Some insurance rates up 49% on N.M. exchange
Concerns over federal action push record premium increases, state official says
State regulators have approved the largest health insurance premium increase in the four-year history of New Mexico’s subsidized exchange, Superintendent of Insurance John Franchini said Wednesday.
The costs for some plans are expected to rise by more than 40 percent.
The grim announcement from New Mexico’s top insurance regulator comes just a week after Franchini told The New
Mexican he expected the increase for consumers who buy individual insurance plans through the state’s online portal to be far more modest, between 17 percent and 20 percent.
On Wednesday, he said the recordsetting rate increases for 2018 were heavily influenced by uncertainty about whether the federal government will block or discontinue subsidies to insurers.
President Donald Trump repeatedly has threatened to halt cost-sharing payments to insurance companies in his drive to dismember former President Barack Obama’s health care law, the Affordable Care Act.
About 55,000 New Mexico residents sign up each year for federally subsidized insurance through the state’s exchange, known as beWellnm.
Average premium increases for 2018 will range from 36 percent to 41 percent for midlevel insurance coverage, according to an analysis by the Office of the Superintendent of Insurance.

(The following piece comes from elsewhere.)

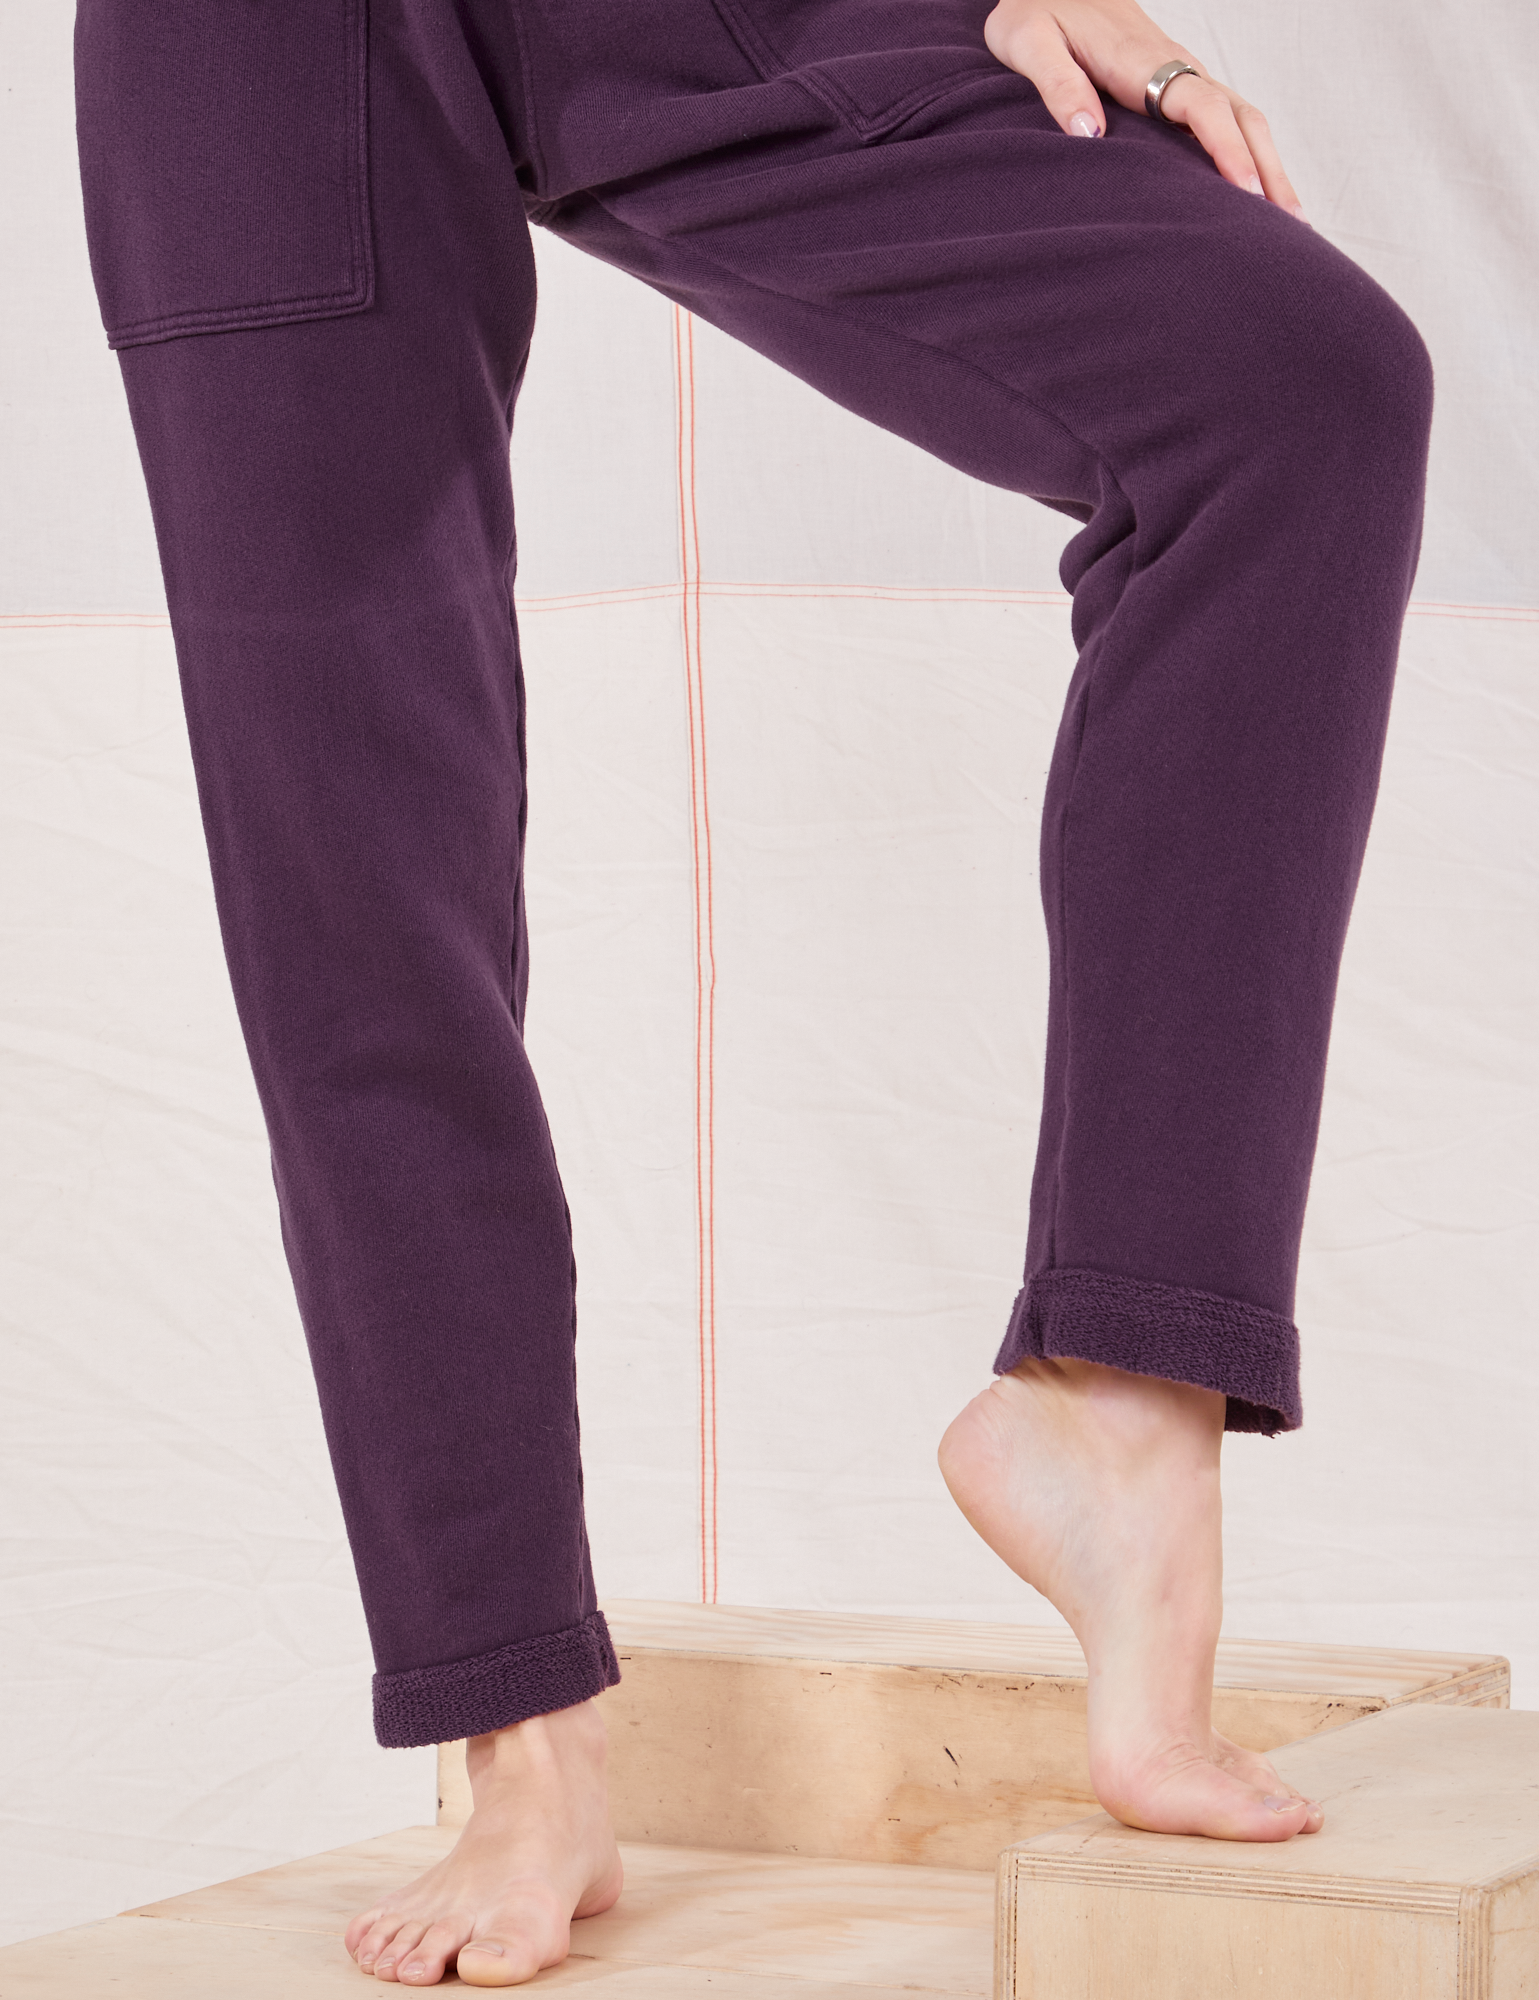 Rolled Cuff Sweat Pants in Nebula Purple pant leg close up on Alex

The full range of premium increases runs from 17 percent to just over 49 percent.
“This is the largest increase in the last four years,” Franchini said.

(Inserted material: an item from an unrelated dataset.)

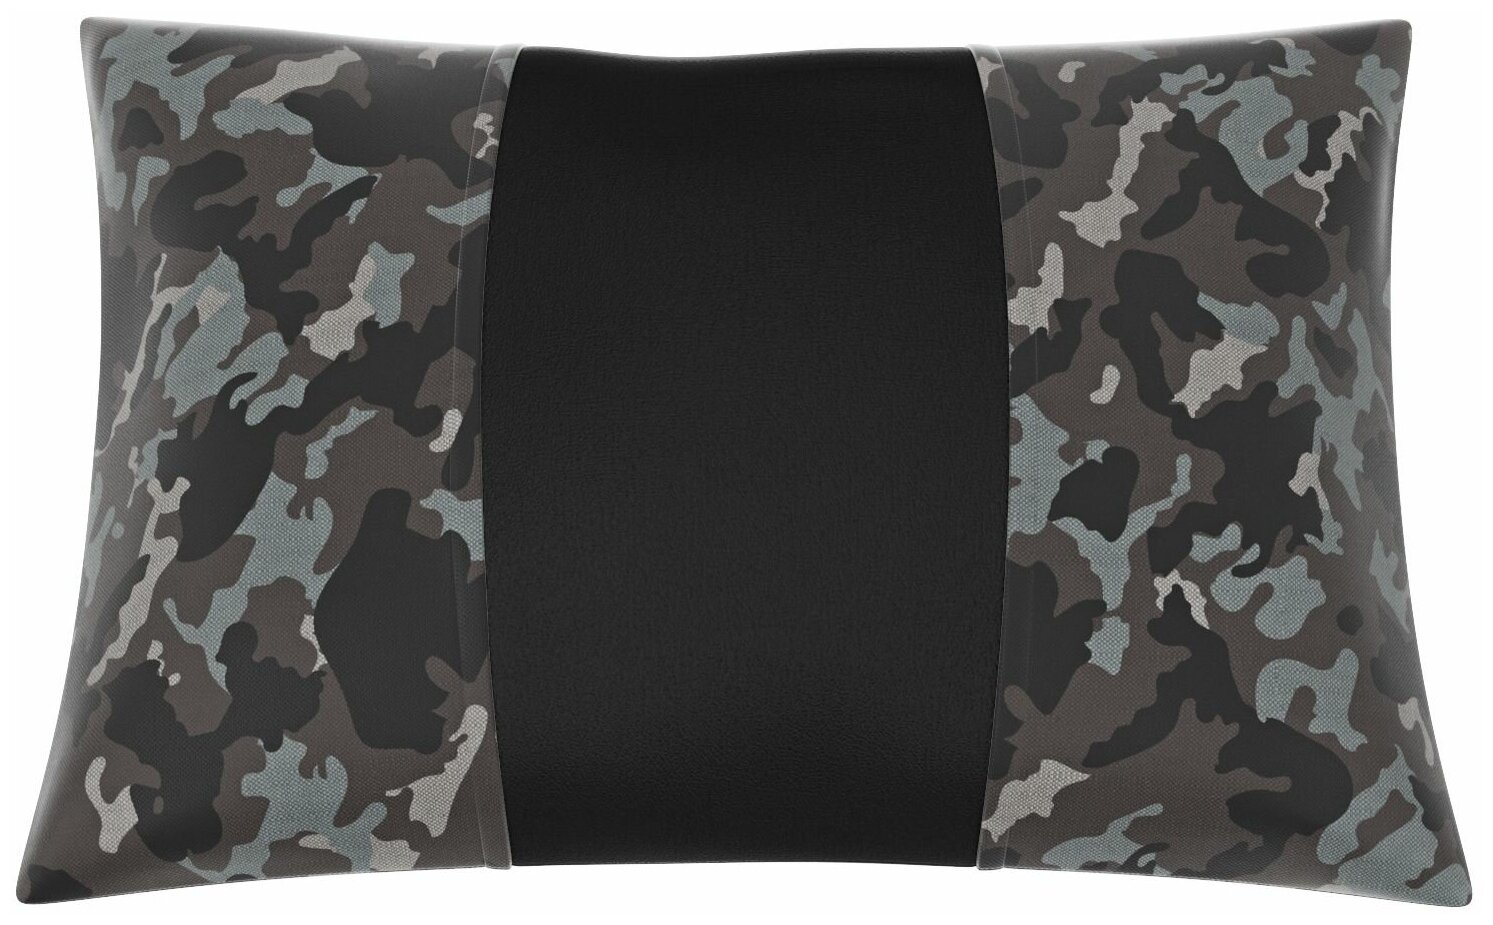 Автомобильная подушка для Citroen Jumpy Multispace 3 (Ситроен Джампи Мультиспейс 3). Середина: чёрная экокожа. Боковины: брезент НАТО. 1 шт.

“Our actuaries — who are very, very conservative — have reviewed this and they don’t see any excess profit in these increases,” he added.
New Mexico remains among the 10 states with the lowest premiums in the country, Franchini said, and he emphasized that consumers should compare their current insurance policy with offerings from other companies on the exchange to conserve spending.
Rising rates among New Mexico’s four marketplace insurance providers appear to be outpacing the national average for individually purchased health insurance.
The Congressional Budget Office this month estimated average individually purchased premiums nationwide will grow by about 15 percent next year, in large part because of market nervousness over actions the Trump administration might take.
Still, the office expects more people nationwide will buy coverage through government-operated insurance exchanges in 2018, despite rising premiums and actions by the Trump administration such as cutting outreach programs.
About 60 percent of people who buy insurance through the New Mexico exchange qualify for subsidies that reduce costs.
“I feel sorry for the other 40 percent, though,” Franchini said. “Forty percent have to pay the full brunt of the rate increases.”
Franchini offered a more positive outlook last week, saying the state continues to have four insurance providers offering plans on the exchange for 2018 — Molina Healthcare, Blue Cross,
Christus Health Plan and Health Connections — the same as this year, signaling stability in New Mexico’s insurance market, even amid uncertainties in Washington.
“In essence,” he told The New Mexican, “New Mexico is getting more stable while the rest of the county is getting less stable.”
Cheryl Gardner, chief executive of the New Mexico Health Insurance Exchange, which manages the bewellnm.com portal and offers health insurance outreach around the state, also seemed optimistic last week, saying, “New Mexico is in a better spot than most states in the country.”
Franchini said Wednesday that rates are rising because not enough people are buying insurance through New Mexico’s federally subsidized marketplace.
Nationwide, the individual insurance plans offered through the exchanges typically have the most volatile rates in the insurance market.
Most patients in New Mexico receive health coverage through group plans, such as those offered by employers or through a retirement program, and any changes in those premiums are based on the cost of health care and prescription medications, as well as on the relative health and well being of those covered by the plan.
Widespread enrollment in Medicaid throughout New Mexico, a program that offers coverage for low-income people, also accounts for limited use of the state health exchange. An expansion in eligibility through the Affordable Care Act allowed nearly a quarter of a million new patients to enroll in the program.
But that program remains uncertain as Senate Republicans push a plan to end the expansion and cut funding for state Medicaid programs.